Tuesday, February 05, 2013

Library Signage: Not Just for Bathrooms Anymore

Okay so here's one picture of food.
I was recently able, by the grace of my place of employment, a generous Emerging Leaders sponsorship by ASCLA, and my credit card, to attend ALA Midwinter in Seattle, WA. It was an awesome experience and as a good librarian I should probably write about it and should've Instagrammed all my meals and spent a longer time on the exhibit floor.

Or maybe write about how I'm enjoying Emerging Leaders and I'm humbled to have received such an honor and I'm sure many other people deserve recognition more than me, less than 2 years into my librarian career, and that sometimes gets me that Stupid Cat feeling again. Which is a good feeling, because it keeps me learning, always.

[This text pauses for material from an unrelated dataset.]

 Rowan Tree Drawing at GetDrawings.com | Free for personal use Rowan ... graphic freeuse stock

But I just want to share a couple pictures, mostly because I want my boss to see them and talk about them and this is probably the best format for the time being. The Seattle Public Library is an awesome space for a lot of things. What I focused on to bring back to my department was signage, because when focusing on space this might be cheapest-versus-most-beneficial thing to do. Also, I've been inspired by Storytime Katie's rules signage; small, well-communicated info gets everyone where we need to go.
So anyway:


The welcome sign, on every level as you leave the elevators, with a full list of rules and offenses. I wasn't going to take a picture of it, because I've thought for awhile that no one will stop for a wall of text, but I stopped. Maybe it was the large "Welcome", the use of white space? I'm not sure, but I'll leave it here anyway.

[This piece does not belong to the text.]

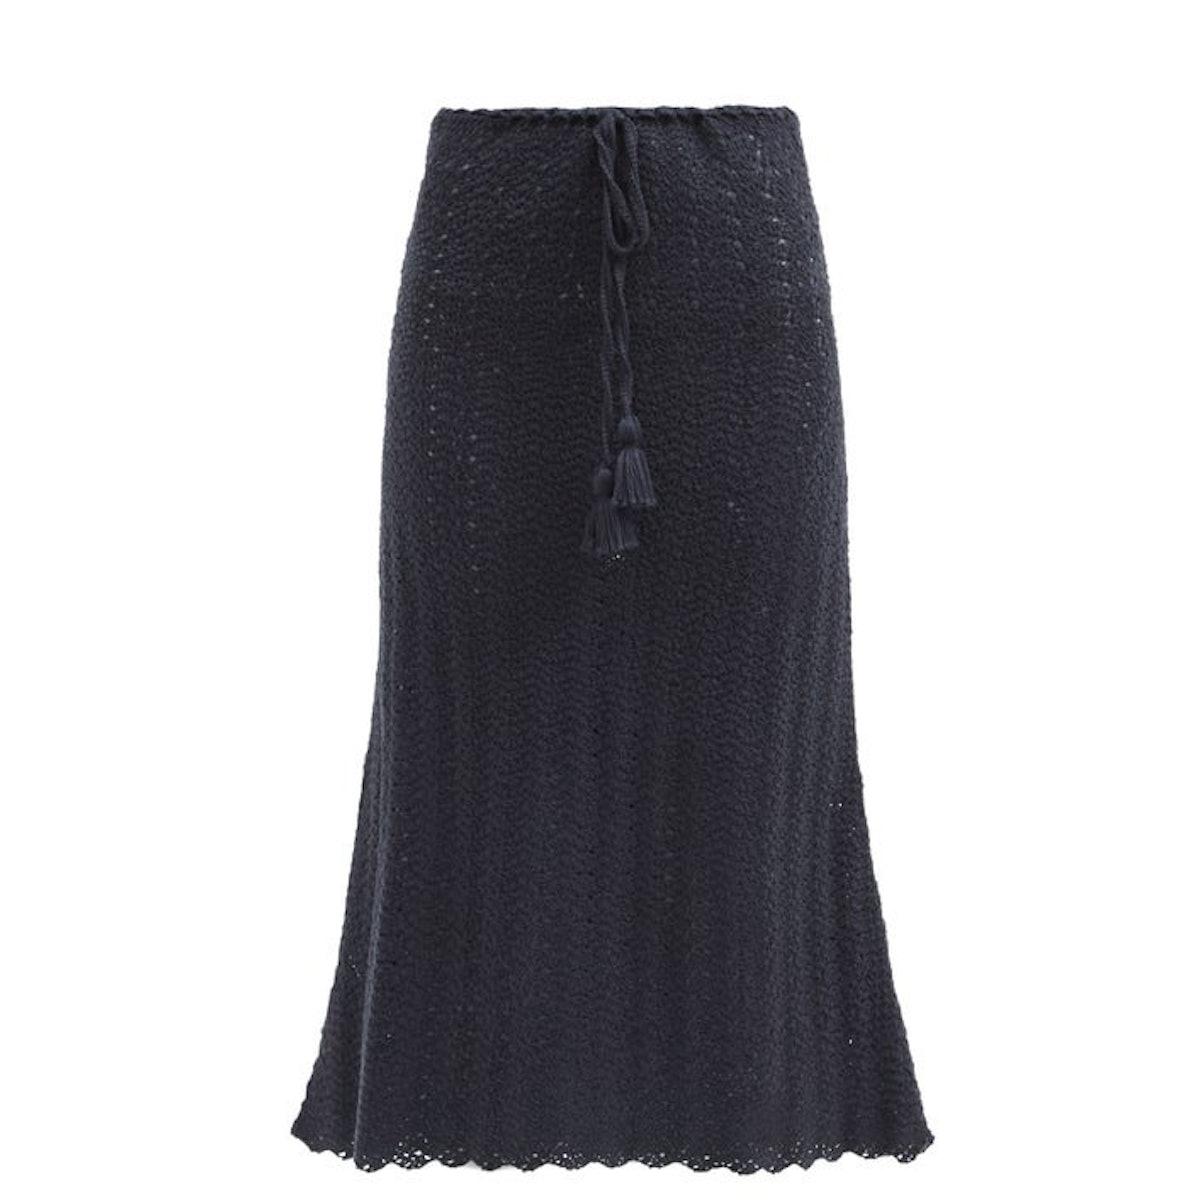 ESCVDO Tarma crocheted Pima-cotton midi skirt

This was a display as soon as you came into the children's room. It's a game where you guess the animal based on its tracks, complete with "winter animal" books all set for check-out. Soon after I came back, another one of our librarians added a bear flip-game to the tot area, which has received praise. So, I guess this is something we're already doing after all! But a fun way to highlight your nonfiction collection.

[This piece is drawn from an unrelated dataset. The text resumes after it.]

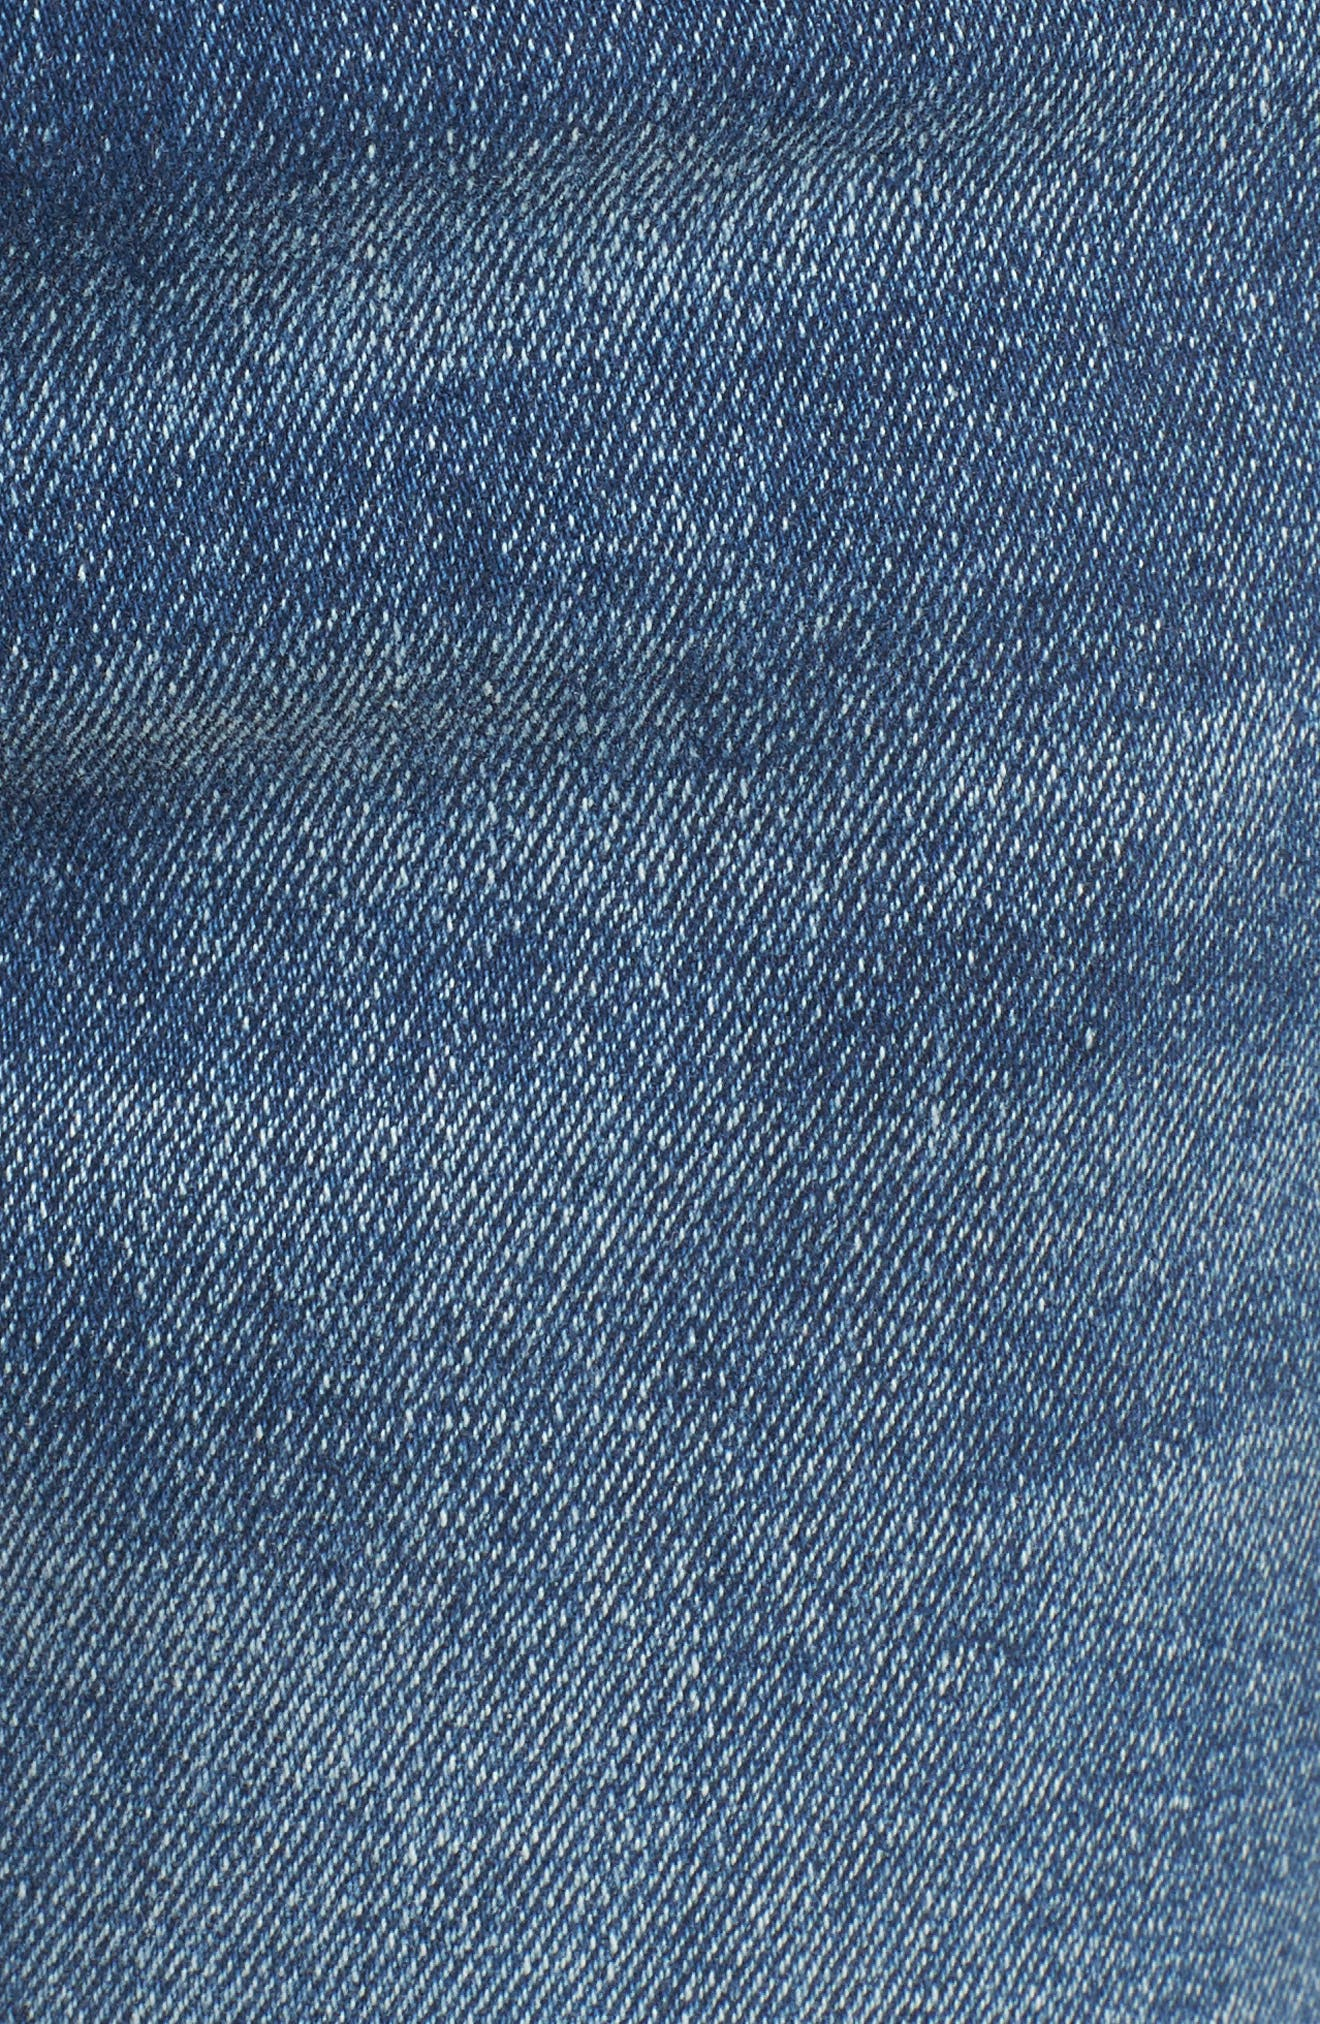 Florence Instasculpt Crop Skinny Jeans,                             Alternate thumbnail 5, color,                             400

I loved how every piece of furniture or open space either had literacy tidbits or facts about the library on it. The signs by the computers say: "The average kindergarten student has seen more than 5,000 hours of television, having spent more time in front of the TV than it takes to earn a bachelor's degree." I get what they were doing there, but since the worthlessness of both TV and bachelor's degrees are equally debated, I think it would be awesome to have some tips kids can use on the computers: highlight games, secret codes, something to draw their eye. Or something for parents that talks about the benefits of using computers.
















I loved the graphic novel section so hard. Not only did it have an awesome untitled superhero, it had a literacy tidbit that was clearly placed for parents to read as soon as they felt uneasy letting their kid read graphic novels to properly assuage their fears.

Here's some literacy tips for emergent readers, as well as fliers about programs relevant to the age group, right by the books they'll be most likely looking at. Seriously, think about how easy that would be to do and the amount of people who pop in to your department every day, take a look around, and leave; not asking about programs, not seemingly interested in visiting the library again, kind of shy when you approach them to help, but just exploring the space. These are literally invitations sitting in the middle of the space, especially for those people.

The series books are arranged alphabetically by title; not only that, they're listed just for you. You will find what you're looking for, even if the librarian is busy with another patron, or, once again, you're shy. Alphabetizing by last name is slowly going the way of cursive, it seems; the only place kids can authentically learn it is in the library. The Internet catalogs by subject, and now picture books are going that way, too. I like this for its ease of use, even though alphabetizing by author allows for think-alouds because it's confusing for everyone under 13 (okay, 21. When Facebook started alphabetizing by first name in 2009, that was the end of an era, folks).

Last but not least, there was a Little Free Library INSIDE the public library. Without a library card, kids are welcomed to take home books and return them in three weeks without penalty. Granted, these are all paperback, but I love the idea of all kids getting books no matter what.



In fact, everything about the children's department at Seattle Public Library says, "Hello. You are welcome here. Feel free to use our services."

For more on creating a welcoming atmosphere and getting value for your effort, check out this awesome webinar by Joan Frye-Williams, and get pumped to do some stellar customer service!

4 comments:

  1. I really like the idea of honor system books. My library, unfortunately, does not have reciprocal borrowing with any other libraries in our county. 2 of the townships in my county don't have library service at all.

    I'd like the people who come in to get a book not knowing they are "non-residents" to at least be able to take home a paperback for their trouble.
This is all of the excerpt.